A few months before Malix’s birth, I created a business, officially named Fort Cards and Sports Collectibles, LLC. I knew of some guys that were buying boxes and cases of baseball cards from whole sellers and selling them online. I needed to find a way to make some money to cover Michelle not working. So, let’s roll. I started to do “breaks” a couple nights a weeks. Basically I take a case of baseball cards, sell the teams, then open the cards and everyone gets the cards from their teams.

After getting home from the hospital, having Malix at home was almost just like our other 3 children. Babies eat, sleep and poop. Simple right 🙂

Our plan was to have Malix’s AV Canal defect repaired around May. Google does a much better job describing AV Canal defect than I can, but basically it’s your 2 walls in a heart are missing. They “started” to form with little “nubs.” The doctor needs to build a couple walls from the nubs. Apparently AV Canal defects are pretty common in children with Down Syndrome.

Christmas comes and goes and then New Years.

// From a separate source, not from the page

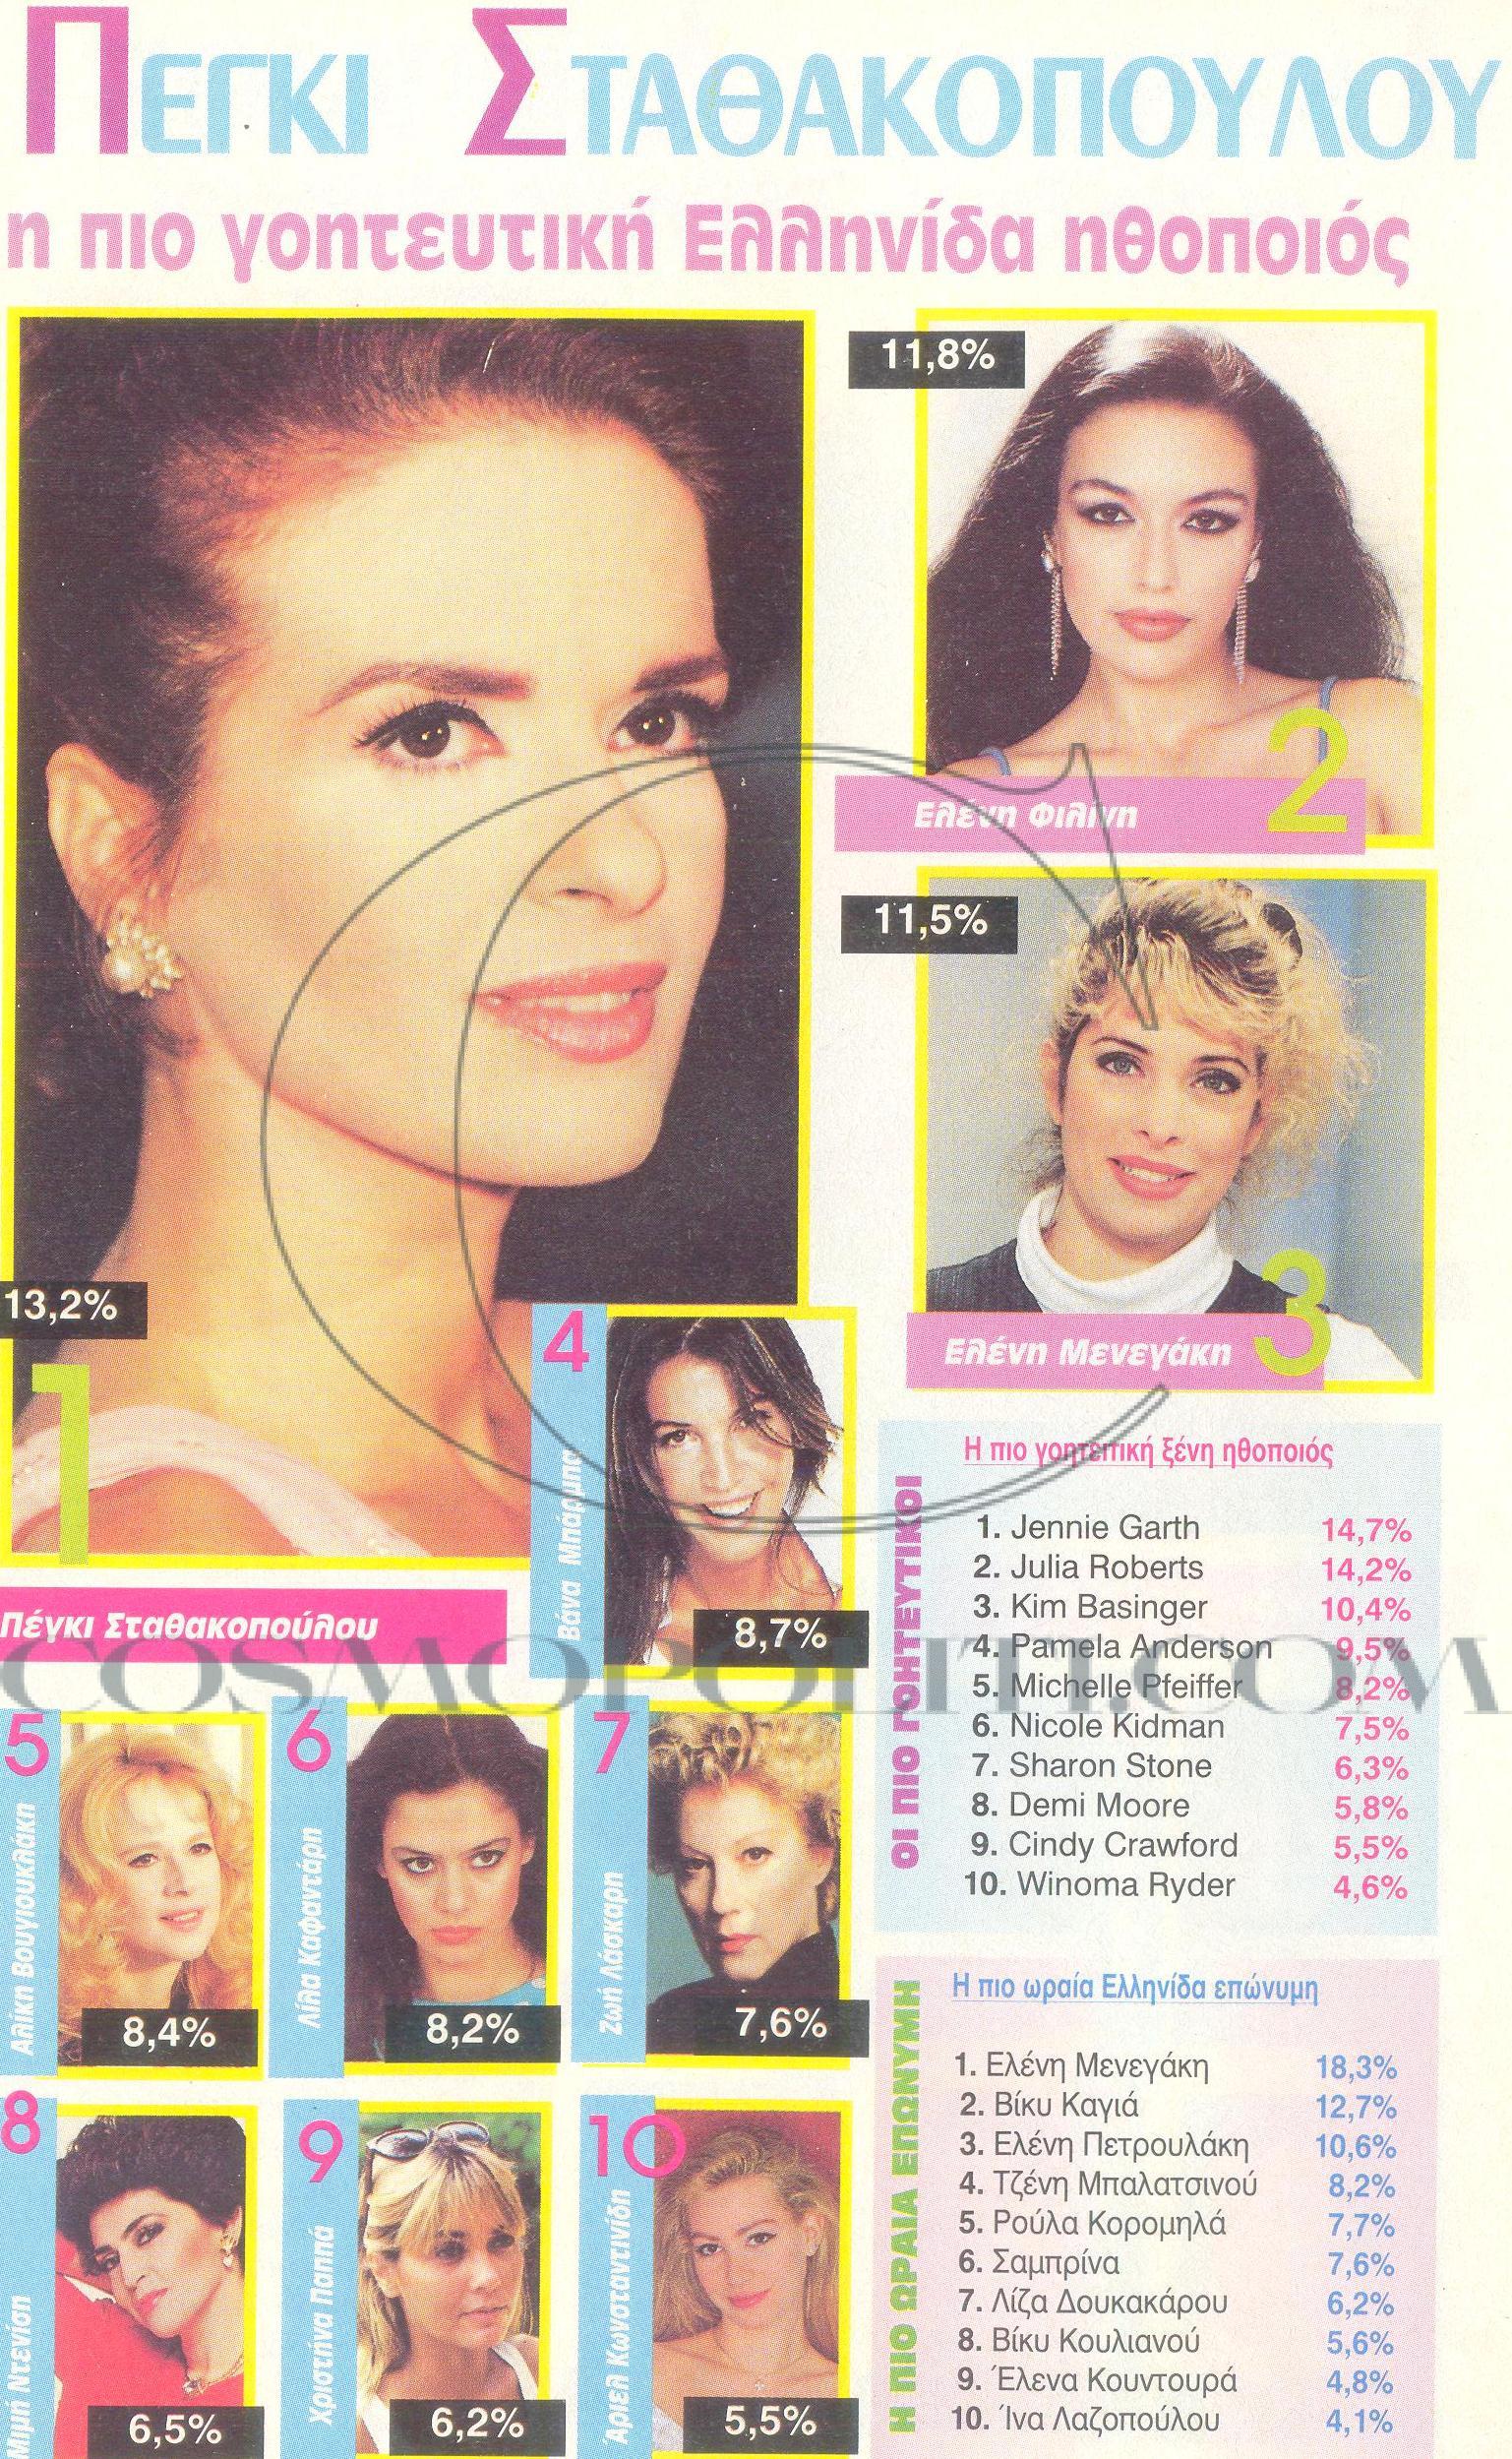 Ποιες ήταν οι ωραίες του 1995!
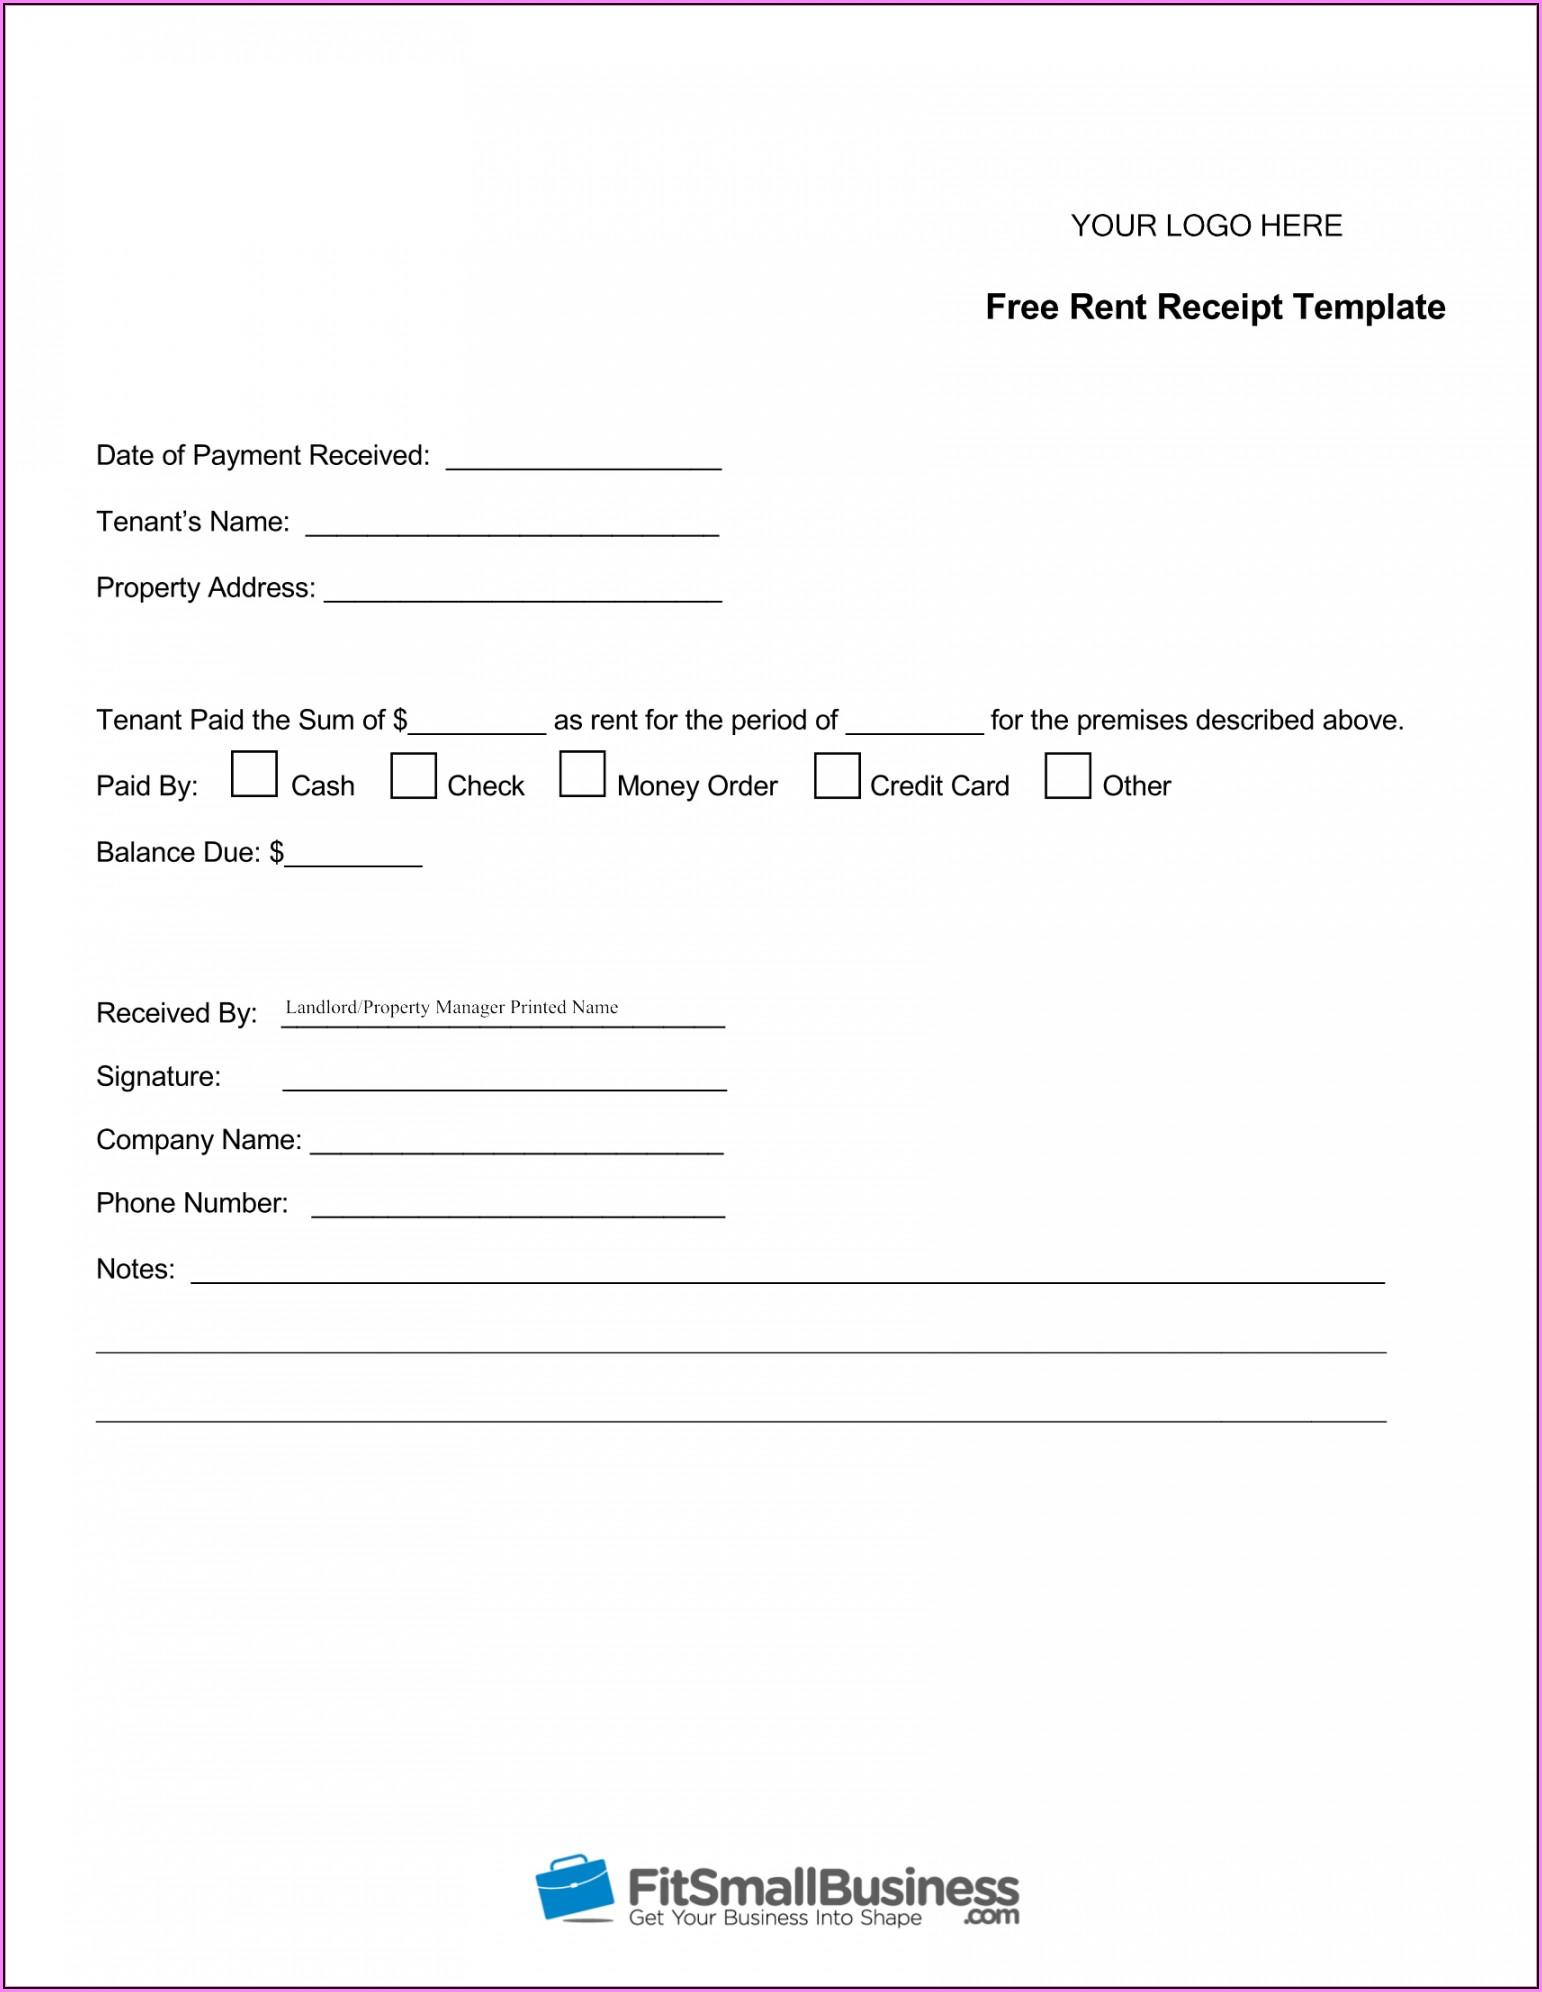 Free Printable Receipt Template Pdf

We notice Malix sleeps a ton. Then it’s time for a heart doctor check up. All things change with that. Our Doctor has always planned on May, but now it’s go time, and it’s only Mid January, Malix is only 2 months old.

Grandma Peggy Kulczewski with Santa Malix, December 2016

We check into American Family Children’s Hospital in Madison, WI. More tests, Malix needs to keep eating, monitor him, etc, etc. The we go meet with the Doctors. Big news, not good. Malix does have an AV Canal defect, BUT it’s “unbalanced.” This means his nubs are not 50/50 for the walls to be put in. How far off are they? The surgery can be simple right? Not at all.

It turns out an Unbalanced AV Canal defect is super rare. Our Doctor has done it 4 times. He’s done thousands and thousands of surgeries, but what we need only 4!!!!! We get a crash course and apparently there is no Doctor in the US that does this all the time. I have always trusted and really liked the surgery. His real name is Dr. Anagnostopoulos. He goes by Dr. A, good for me.

After all the prep, we are ready to meet, January 23, 2017. Dr. A, in a very serious meeting gives us three choices. 1) do nothing, Malix will die in the next few months 2) Have the “safe” surgery, give Malix 1 chamber. Without further advancements in technology, Malix will likely live no more than 10 years. 3) Go all in. Do the full repair. This does have the greatest chance of not making it out of surgery, but if successful, Malix’s heart will have a chance for a true lifetime!

The meeting still seems so surreal, so serious, so huge. We only felt there was one option, #3. Let’s go all in. We are given a piece of paper to sign, then surgery can happen on January 25, 2016. Meeting done, Michelle stays with Malix, I go back to work.